Information supplied »
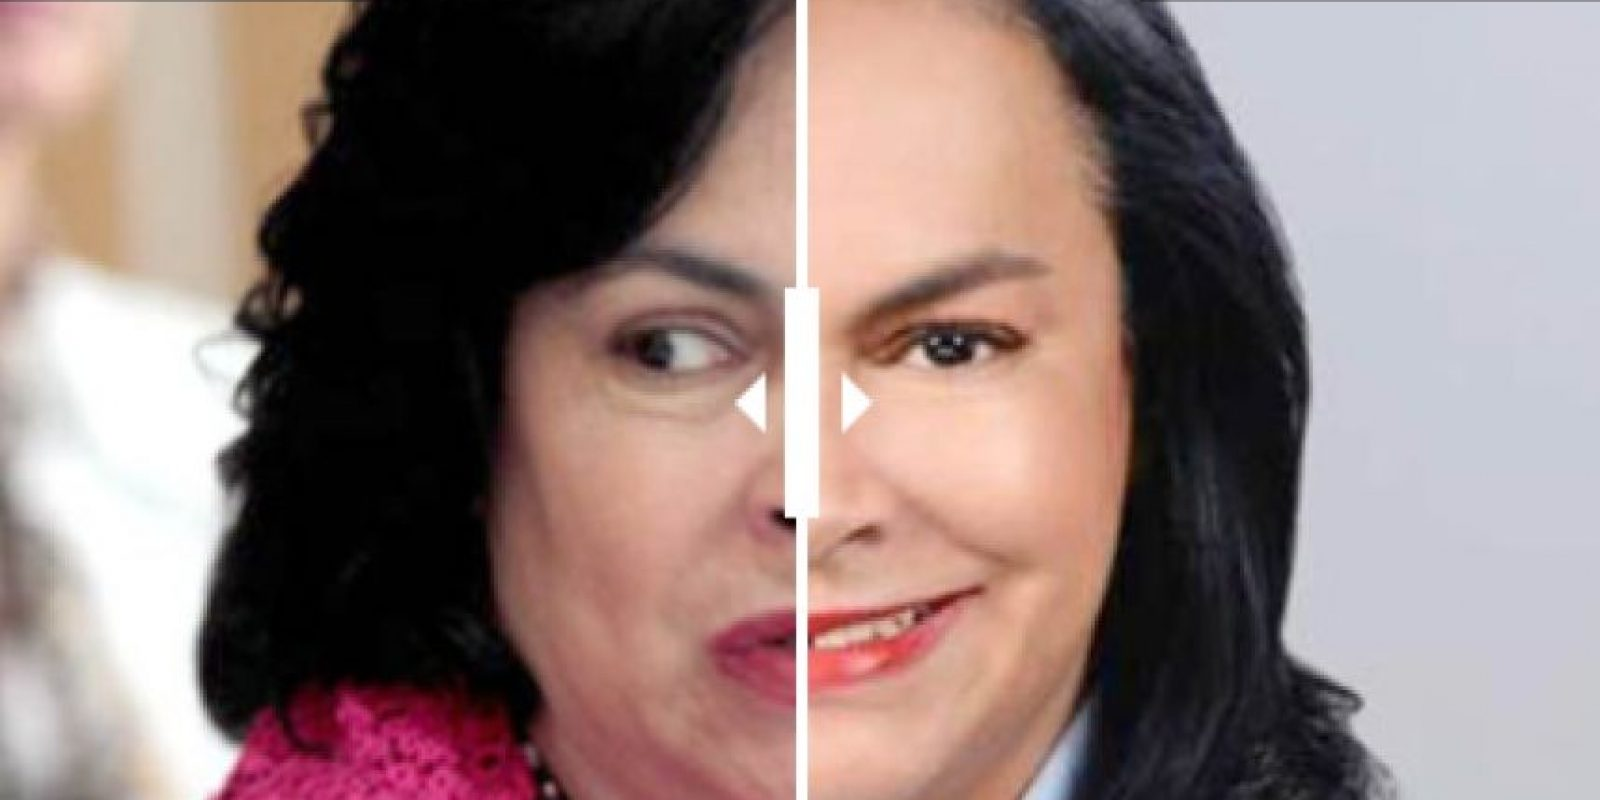 Margarita Saldaña Hernández, PAN Foto:Tomada de La Silla Rota
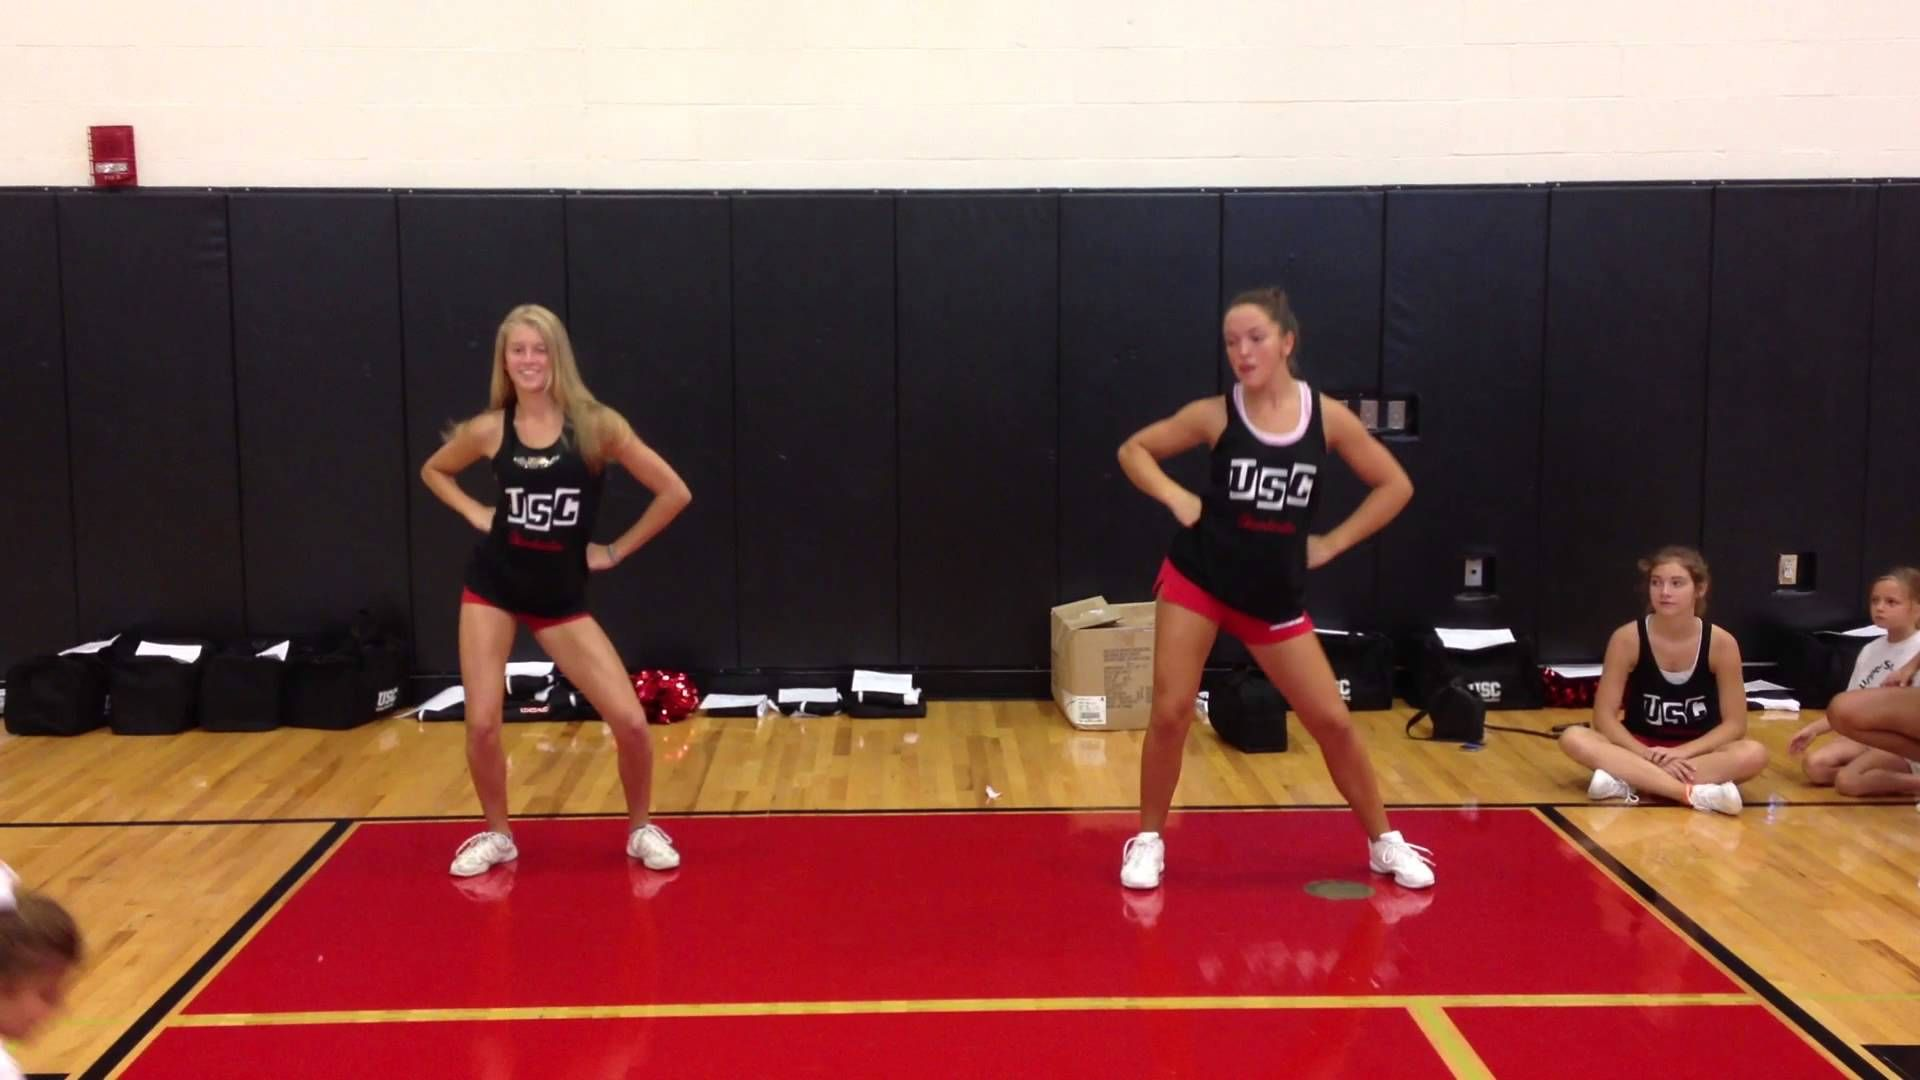 1st 2nd Grade Roar Halftime Dance Cheer Routines Cheer Dance Routines Youth Cheer
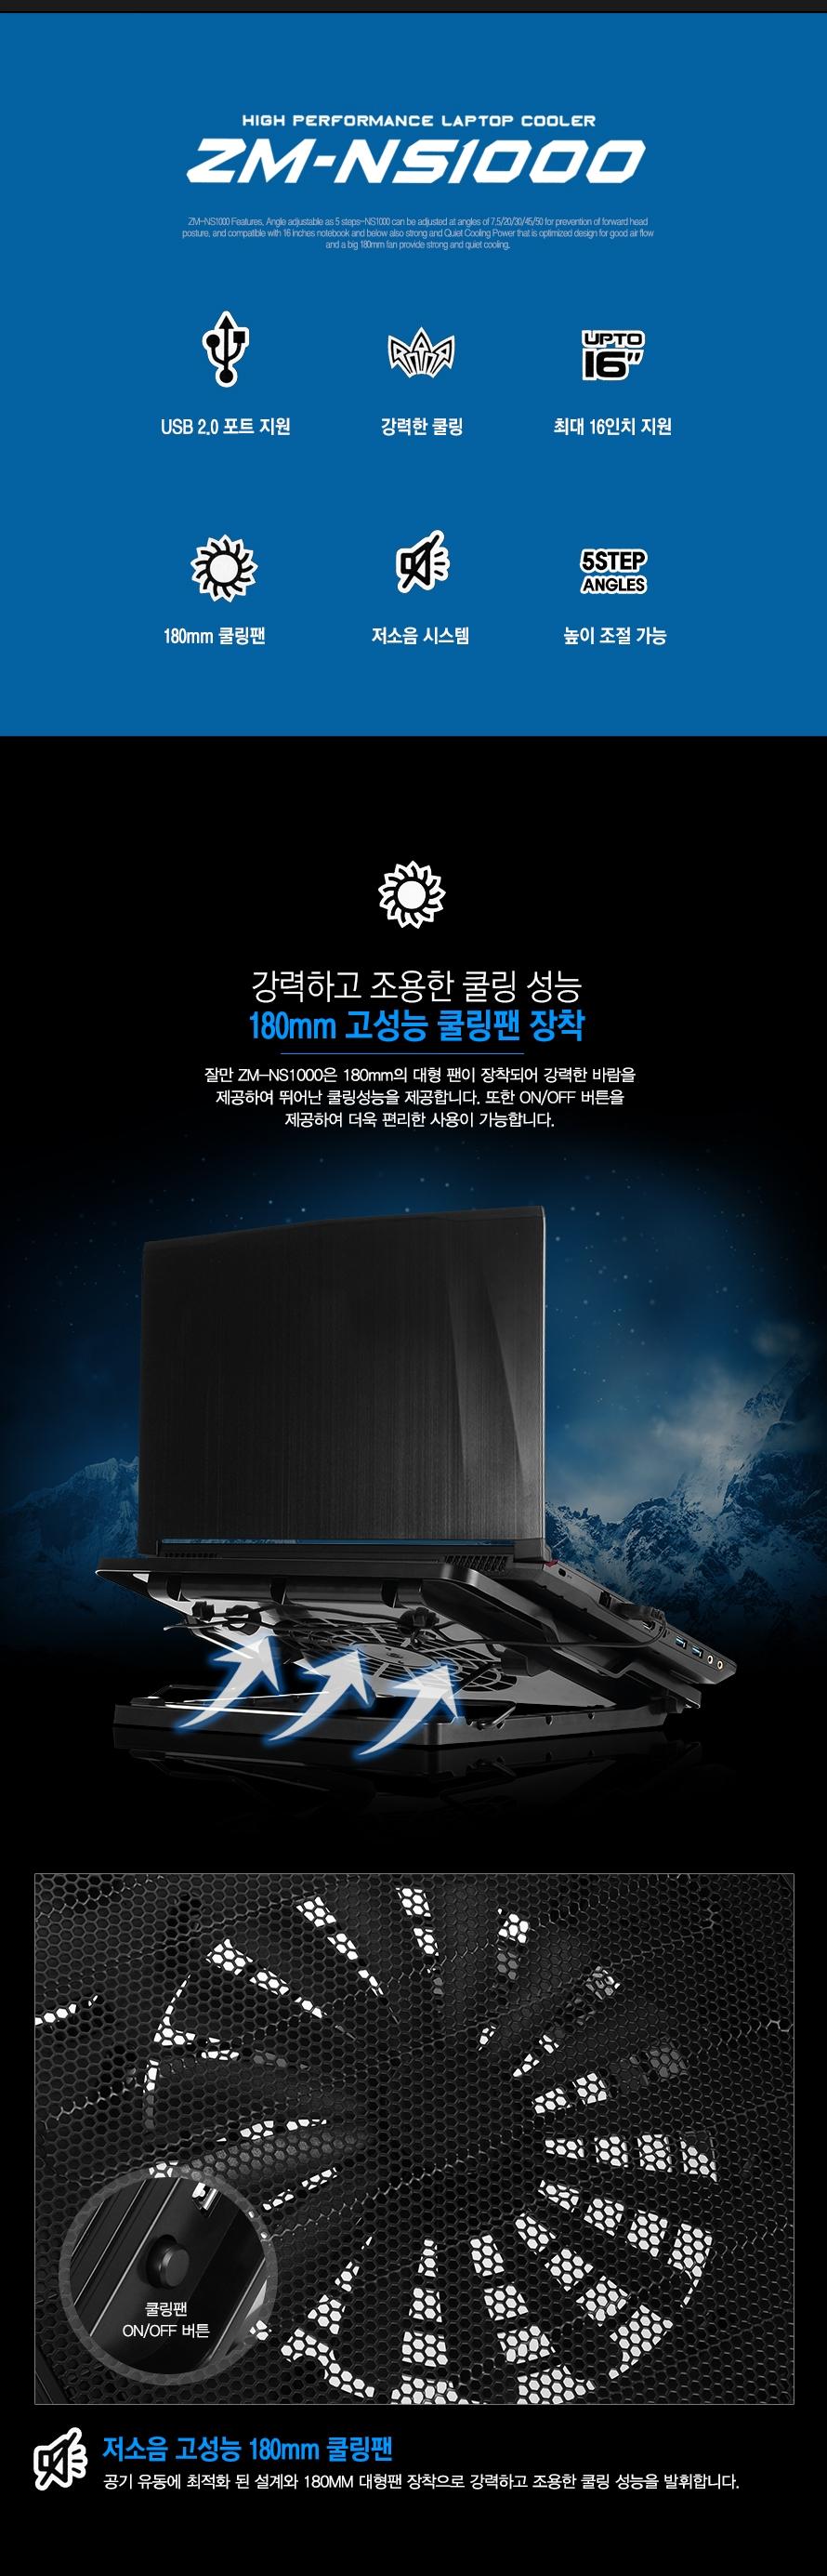 ZM-NS1000 특장점 USB 2.0 포트 강력한 쿨링 최대 16인치 지원 180mm 쿨링팬 저소음 높이조절 잘만 ZM-NS1000은 180mm의 대형 팬이 장착되어 강력한 바람을 제공하여 뛰어난 쿨링성능을 제공합니다. 또한 ON/OFF 버튼을 제공하여 더욱 편리한 사용이 가능합니다.

Exercise »
Transcribe every line of the listing above exactly; skip the pictures.

Answer box »
 Margarita Saldaña Hernández, PAN Foto:Tomada de La Silla Rota
 1st 2nd Grade Roar Halftime Dance Cheer Routines Cheer Dance Routines Youth Cheer
 ZM-NS1000 특장점 USB 2.0 포트 강력한 쿨링 최대 16인치 지원 180mm 쿨링팬 저소음 높이조절 잘만 ZM-NS1000은 180mm의 대형 팬이 장착되어 강력한 바람을 제공하여 뛰어난 쿨링성능을 제공합니다. 또한 ON/OFF 버튼을 제공하여 더욱 편리한 사용이 가능합니다.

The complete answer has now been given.